Third Law of Motion

When a bullet is fired from a gun, the gun gets some velocity in the opposite direction. The velocity of the gun, commonly called recoil velocity, can be calculated by applying the law of conservation of momentum.
    •  When one object exerts a force on another object, the second object instantaneously exerts a force back on the first.
    •  These two forces are always equal in magnitude but opposite in direction.
    •  These forces act on different objects but never on the same object.
    •  Every action has an equal and opposite reaction.

There are several applications of Newton’s third law of motion; the launching of satellites is one among them.

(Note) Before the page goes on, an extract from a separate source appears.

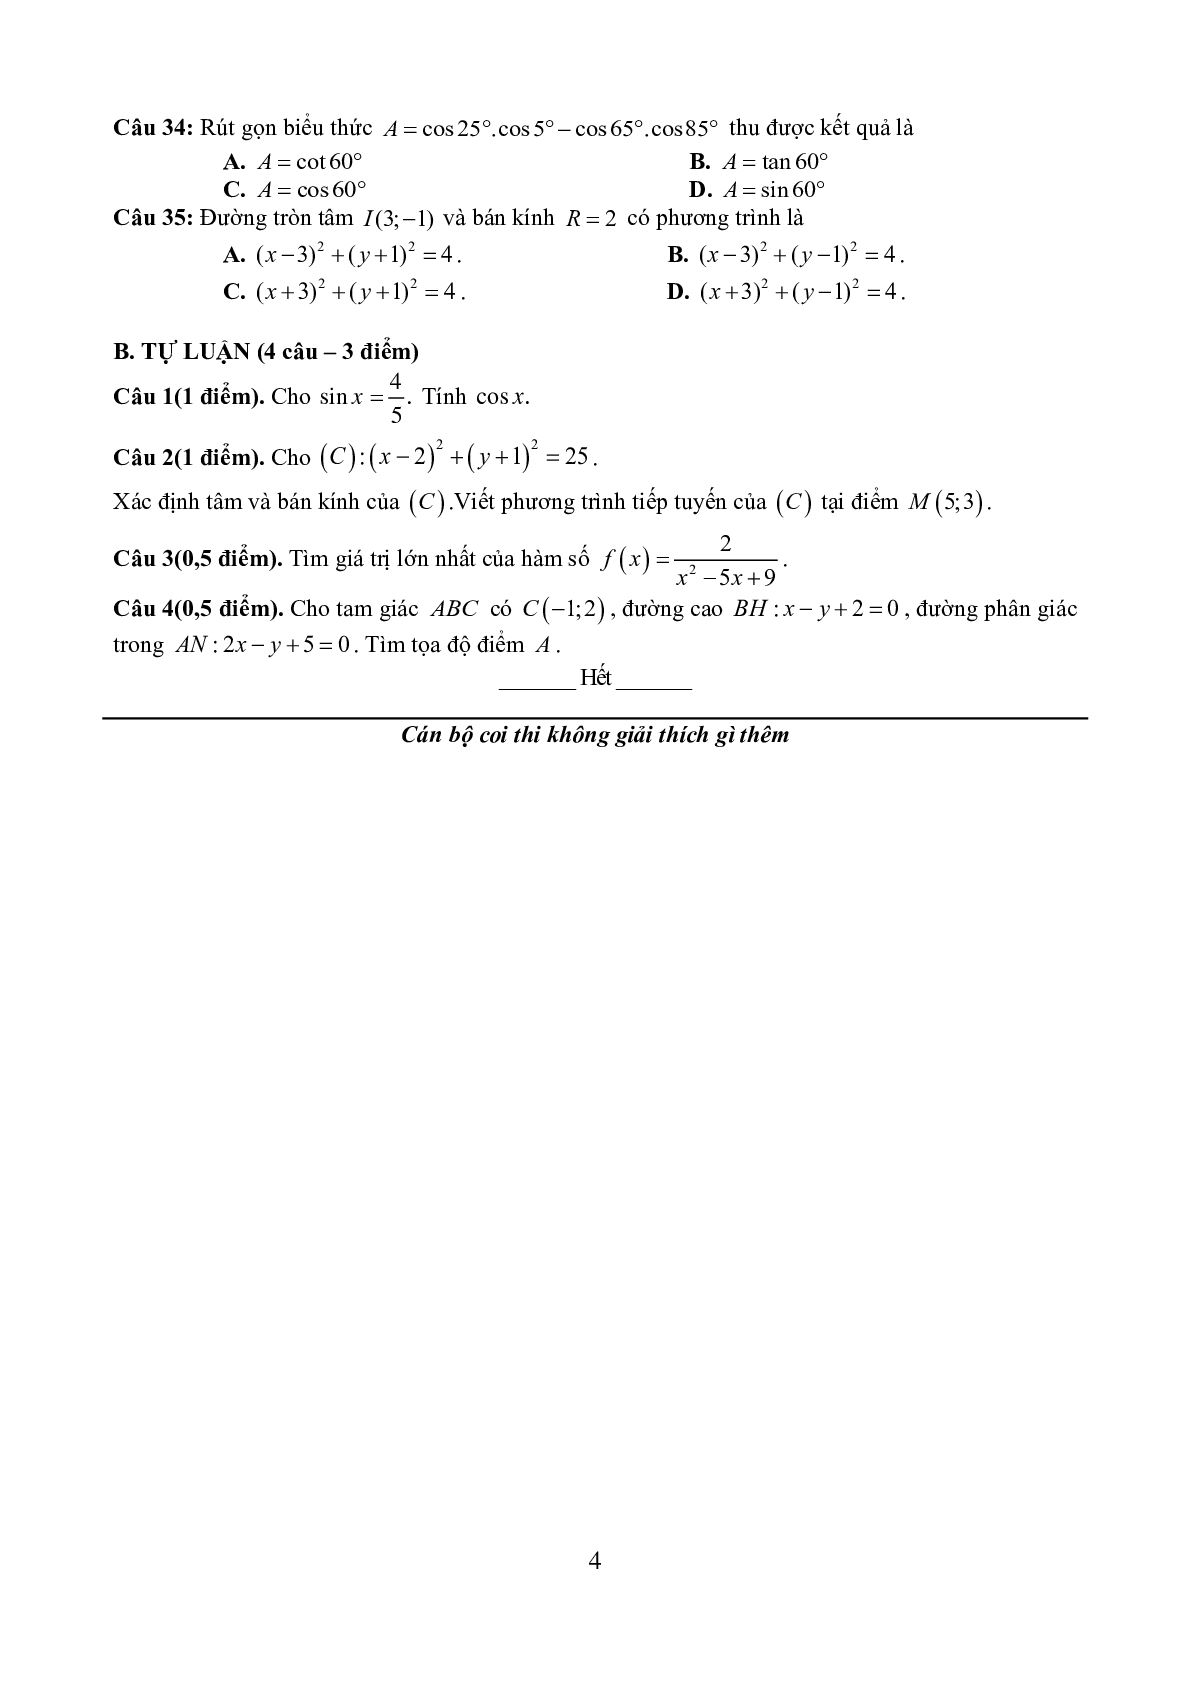 Đề thi cuối kì 2 môn toán 10 trườngTHPT ĐoànThượng năm học 2020-2021 (trang 4)

Derivation of law of conservation of momentum from Newton's third law:

Law of conservation of momentum statesthat if no external force acts on a system of particles, the algebraic sum of the linear momenta of the particles remains conserved."

Consider two particles A and B, Which collide head on as shown in figure The particles move in a straight line before and after collision.



Let particle A have initial velocity u₁ and particle B has initial velocity u₂ . The two particles will collide, if u₁ > u₂ . Let after collision the final velocities of A and B becomes v₁ and v₂ respectively . The two particles will seperate after collision, if v₂ > v₁ . Let the two particles A and B have m₁ and m₂ respectively.

Initial momentum of particle A is m₁u₁
Initial momentum of particle B is m₂u₂
Final momentum of particle A is m₁v₁  
Final momentum of particle B is m₂v₂

Rate of change of momentum of particle  A = $\frac{{\text{m}}_{\text{1}}{\text{v}}_{\text{1}}\text{-}{\text{m}}_{\text{1}}{\text{u}}_{\text{1}}}{\text{t}}$   = $\frac{{\text{m}}_{\text{1}}\text{(}{\text{v}}_{\text{1}}\text{-}{\text{u}}_{\text{1}}\text{)}}{\text{t}}$    ........(1)
Rate of change of momentum of particle  B = $\frac{{\text{m}}_{\text{2}}{\text{v}}_{\text{2}}\text{-}{\text{m}}_{\text{2}}{\text{u}}_{\text{2}}}{\text{t}}$   = $\frac{{\text{m}}_{\text{2}}\text{(}{\text{v}}_{\text{2}}\text{-}{\text{u}}_{\text{2}}\text{)}}{\text{t}}$   ........(2)

Let $\overrightarrow{{\text{F}}_{\text{AB}}}$ and $\overrightarrow{{\text{F}}_{\text{BA}}}$ , be the forces exerted by particle B on A and particle A on B respectively.
According to Newton's second law of motion

$\overrightarrow{{\text{F}}_{\text{AB}}}$   =   $\frac{{\text{m}}_{\text{1}}{\text{v}}_{\text{1}}\text{-}{\text{m}}_{\text{1}}{\text{u}}_{\text{1}}}{\text{t}}$   = $\frac{{\text{m}}_{\text{1}}\text{(}{\text{v}}_{\text{1}}\text{-}{\text{u}}_{\text{1}}\text{)}}{\text{t}}$   and    $\overrightarrow{{\text{F}}_{\text{BA}}}$ =  $\frac{{\text{m}}_{\text{2}}{\text{v}}_{\text{2}}\text{-}{\text{m}}_{\text{2}}{\text{u}}_{\text{2}}}{\text{t}}$   = $\frac{{\text{m}}_{\text{2}}\text{(}{\text{v}}_{\text{2}}\text{-}{\text{u}}_{\text{2}}\text{)}}{\text{t}}$

Then, by Newton's third law of motion, we have

F_AB + F_BA  = 0
F_AB = - F_BA
ie, m₁v₁-m₁u₁ = -(m₂v₂-m₂u₂)
⇒ m₁u₁+m₂u₂ = m₁v₁+m₂v₂

or initial momentum of the system = final momentum of the system, which is the law of conversation of momentum.